The industrial model persists in the structure of classrooms with the teacher on the stage while the profusion and easy access to information eases the burden on learners. They are aware that there are many other sources which will give the same information. The engagement then is sustained through gamification of the learning process. Though traditional games have been part of classroom teaching and learning processes, gamification is directly supported by technology, virtual reality (VR) and augmented reality (AR).
The element of fun gets introduced through the element of entertainment and the teacher, along with their many other roles, is to entertain the learners in the classroom to keep them engaged, motivated and interested.
Beyond the traditional industrial model
Despite the presence of the industrial model of teaching and its consequent influence in the making of a teacher, there also were attempts to free a teacher from it. Two significant thoughts on teachers merit attention: one by Paulo Friere and the other by Ivan Illich.

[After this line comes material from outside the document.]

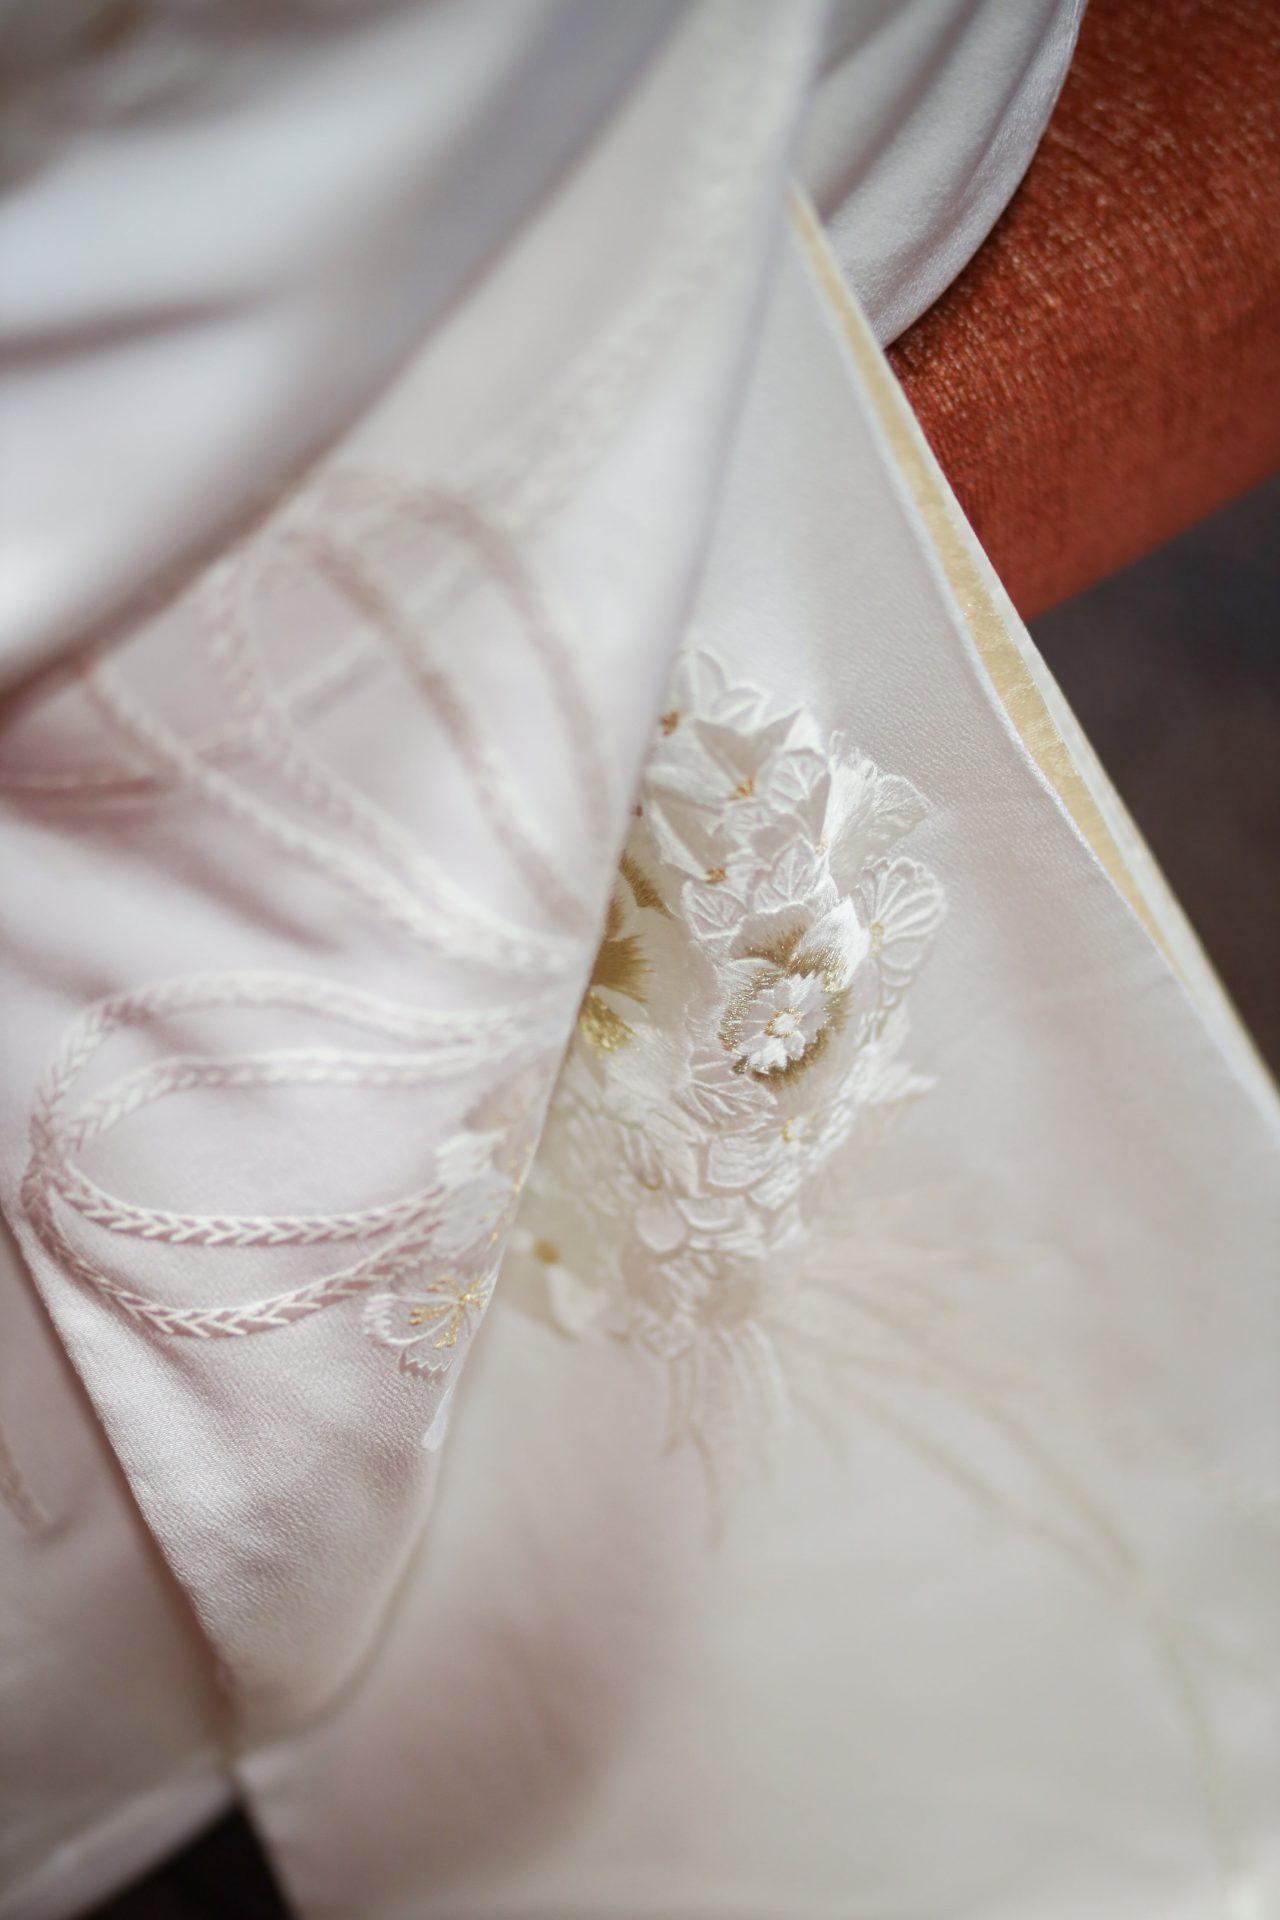 THE FUNATSUYAにてお式をされる花嫁様におすすめの金刺繍の白無垢

Paulo Friere, an influential Brazilian philosopher of education aimed to eradicate illiteracy in colonised countries. He worked to help people with his philosophy and critical pedagogy. His book Pedagogy of Oppressed (1970) critiques the ‘banking model’ of education in which students are perceived as empty vessels and passive recipients of knowledge. He recommended a dialogical approach, emphasized on mutual learning and critical consciousness. Freire believed that education should be a practice of freedom, enabling students to question and transform their realities.
Indeed, the availability of information beyond the institution of schools has been a challenge for teachers. Presenting his views in Deschooling Society (1971), Ivan Illich, an Austrian philosopher, observed that over-reliance on formal schooling hampers the innate human capacity to learn. Criticising mass schooling, Illich suggested the idea of ‘learning webs’ or informal networks where individuals make and learn in groups based on shared interest and formed by voluntary relationships. The idea is based on peer-to-peer learning.
These positions are not anti-teacher. These are simply calls to reclaim teaching as a human and ethical act. These are learning acts aimed to make learners inquire, ask questions and let learning be driven by learners.
Closer home, exploring the role of teachers in the ancient Hindu education system in India indicates different types of teachers. An upadhyay provides information, adhyapak imparts knowledge, acharya teaches skills, pandit offers insight, drishta offers foresight, and guru bestows wisdom. A comprehensive approach to education is thus designed in this hierarchical structure, blending information dissemination with character building and spiritual guidance.
Reclaiming the teacher
What are teachers navigating today? They are navigating the influence of AI and Google on students and classroom processes: students' immersion in the virtual world, anxiety, attention deficit, information overload, and growing emotional need. Amidst the interconnectedness and profusion of information, teachers are expected to spot the silent struggles, ask the unasked questions, and create safe spaces to fail. They are therapists, content creators, and tech troubleshooters…and they still need to finish the syllabus.
Drawing on the varieties of roles of teacher from history and from across cultures, three roles of a teacher emerge at present:
- curator: to help students to make sense of overwhelming information by providing direction, context, and care;
- connector: to help students to link knowledge with lived experience, values, and inter-disciplinary insights; and
- cultivator: to nurture confidence, curiosity, and empathy.
These are skills no machine can authentically replicate.
Dr. Vandana Talegaonkar is associate professor, School of Liberties and Education, Navrachana University, Vadodara (Gujarat). Talegaonkar is contributing editor, Development News Network (DNN), Gujarat.